*** Opening Stored data ***

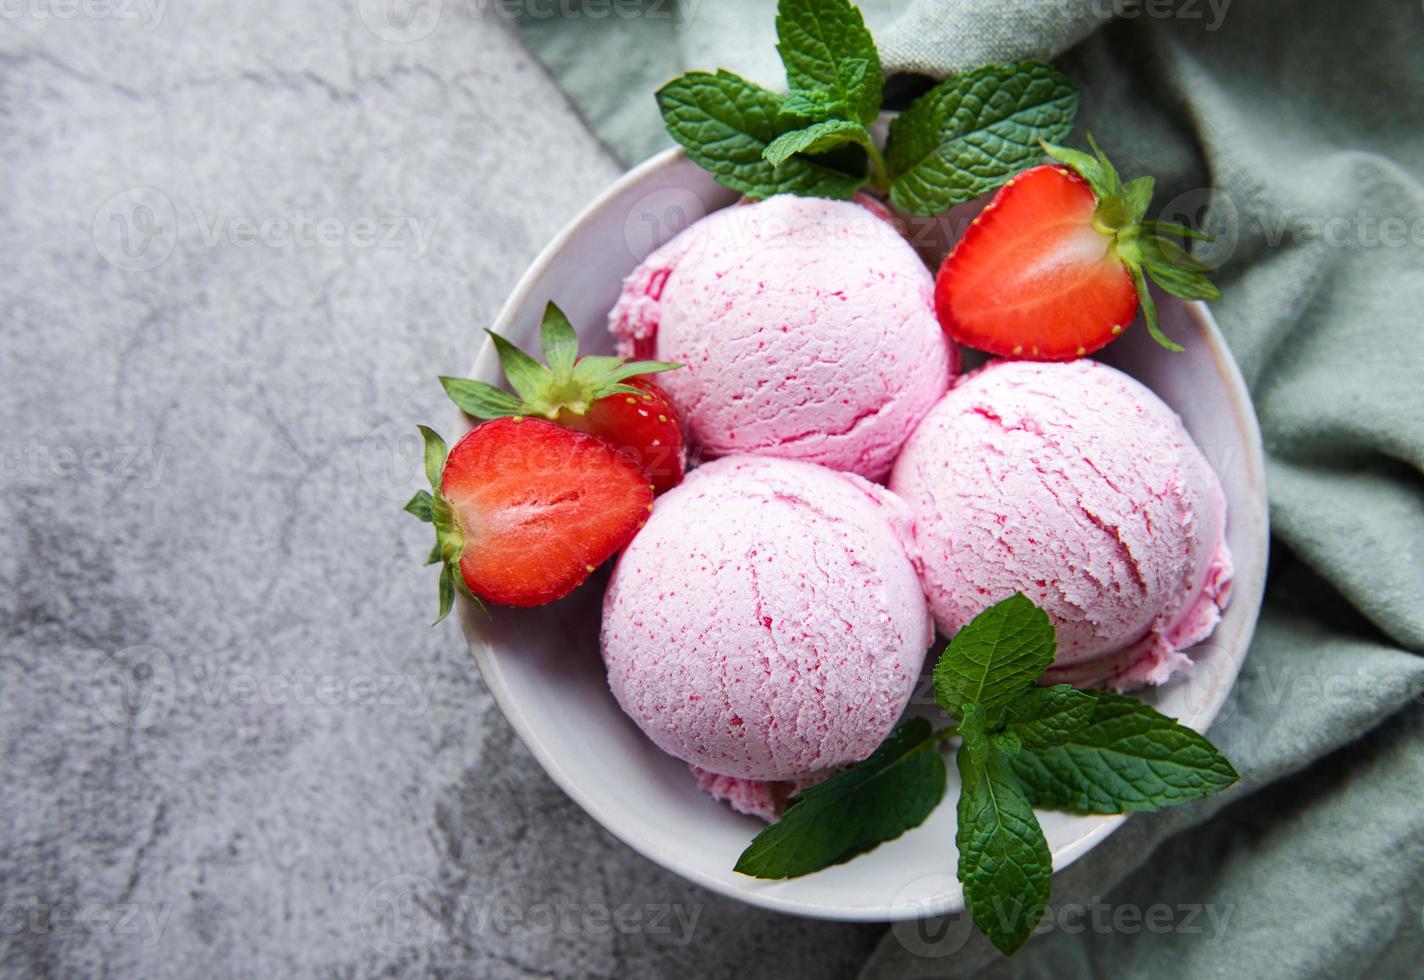 helado de fresa casero con fresas frescas foto
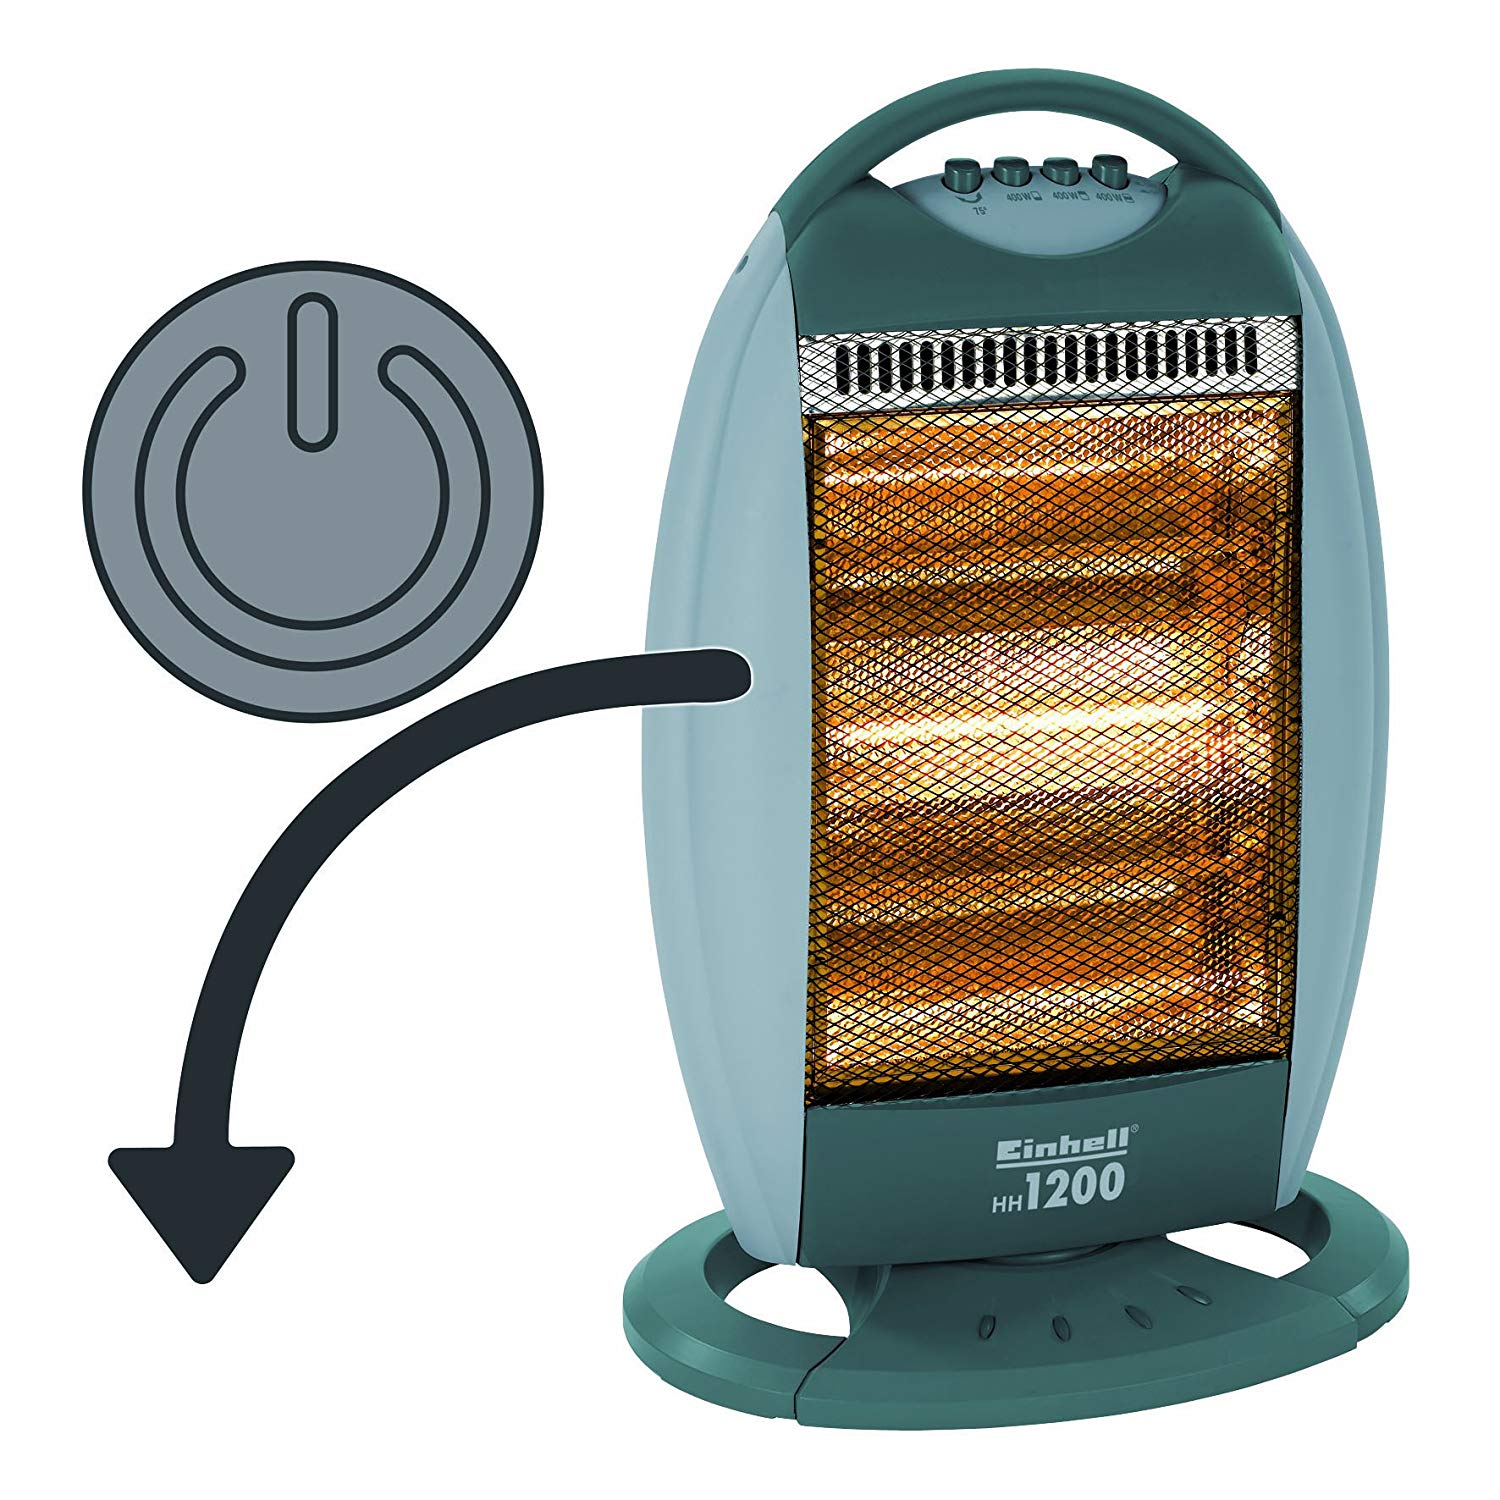 Maximale beveiliging
De halogeen stralingsverwarmer is uitgerust met een automatische uitschakeling om het apparaat onmiddellijk uit te schakelen wanneer het omvalt.
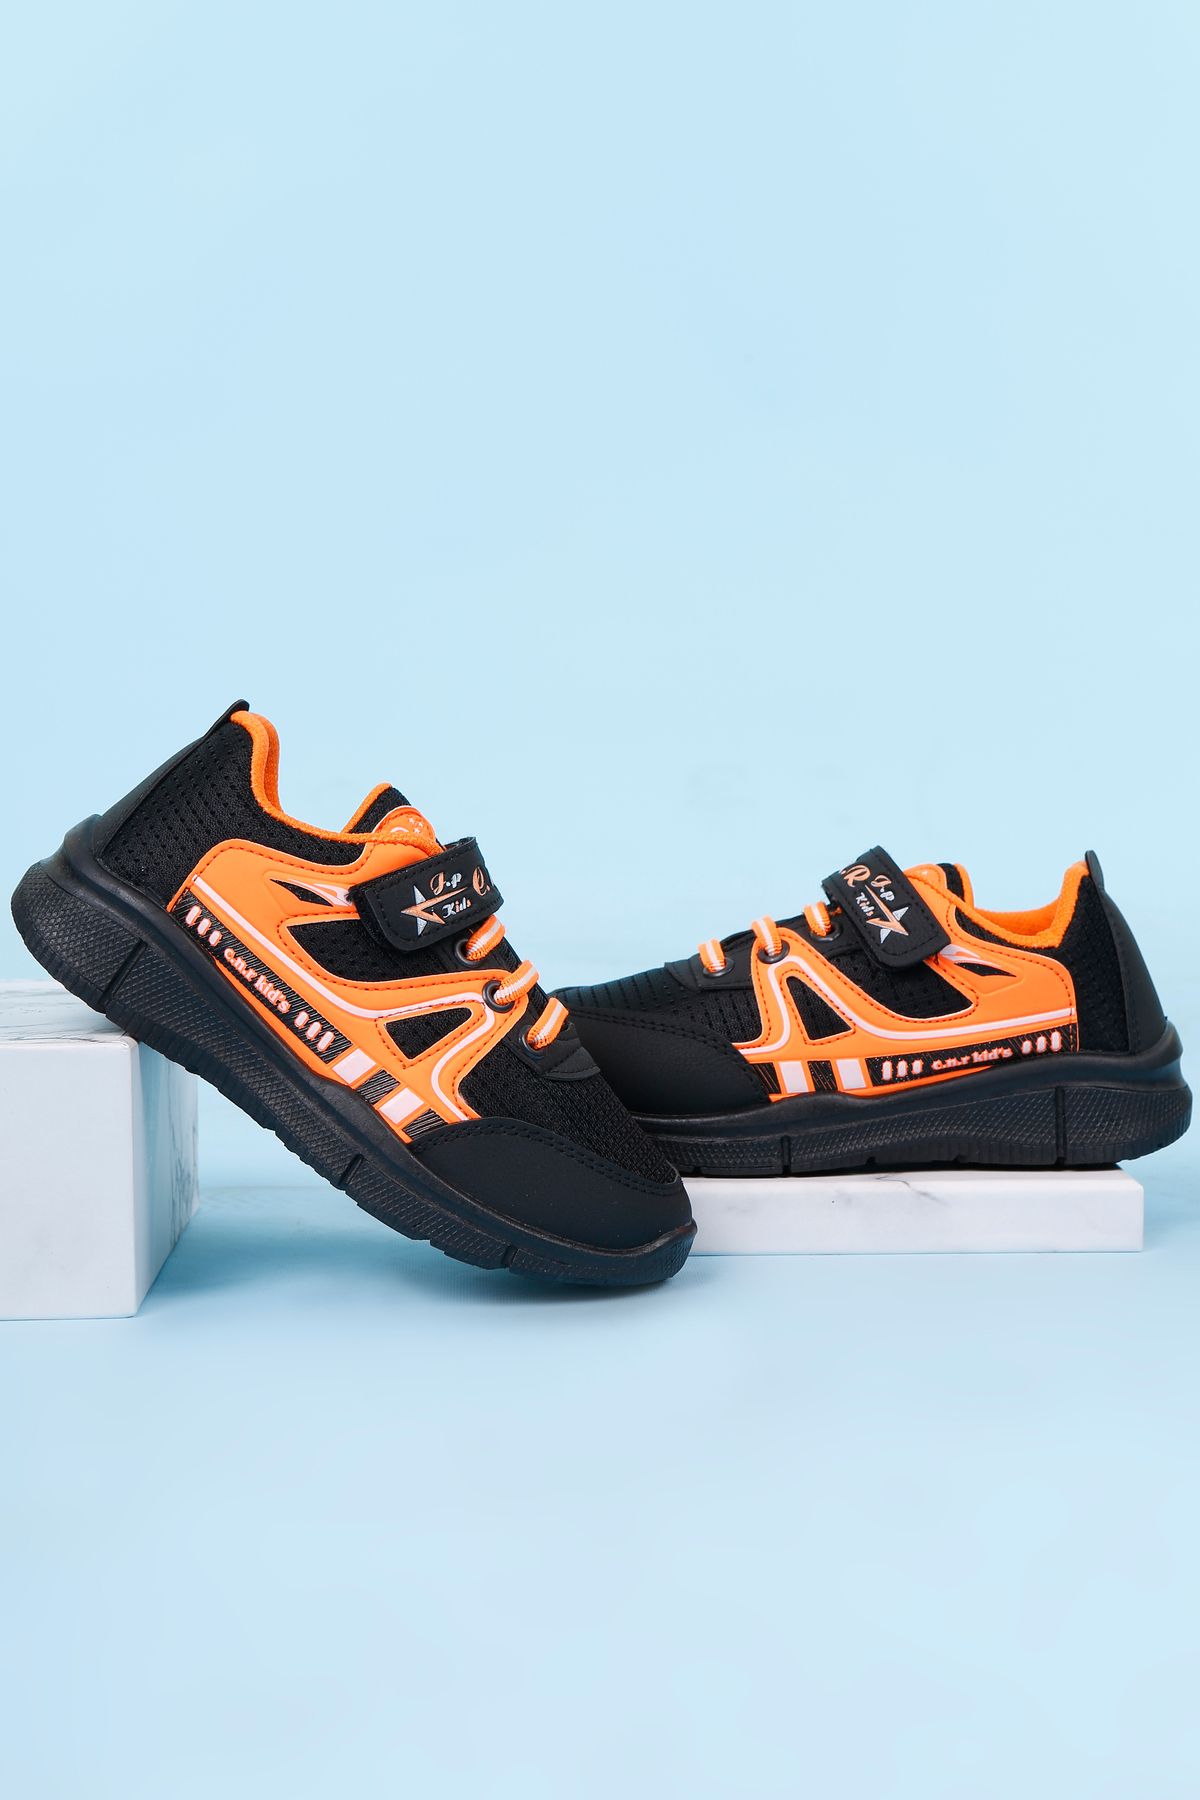 lord's ayakkabı Unisex Siyah-Turuncu Çocuk Spor Ayakkabı Sneakers Okul Ayakkabısı

*** Closing Stored data ***

**Problem to work on:**
Copy exactly the lines that run from the line containing "Maximale beveiliging" to the end of the data above, keeping both end lines and leaving out all pictures.

**Task response:**
 Maximale beveiliging
De halogeen stralingsverwarmer is uitgerust met een automatische uitschakeling om het apparaat onmiddellijk uit te schakelen wanneer het omvalt.
 lord's ayakkabı Unisex Siyah-Turuncu Çocuk Spor Ayakkabı Sneakers Okul Ayakkabısı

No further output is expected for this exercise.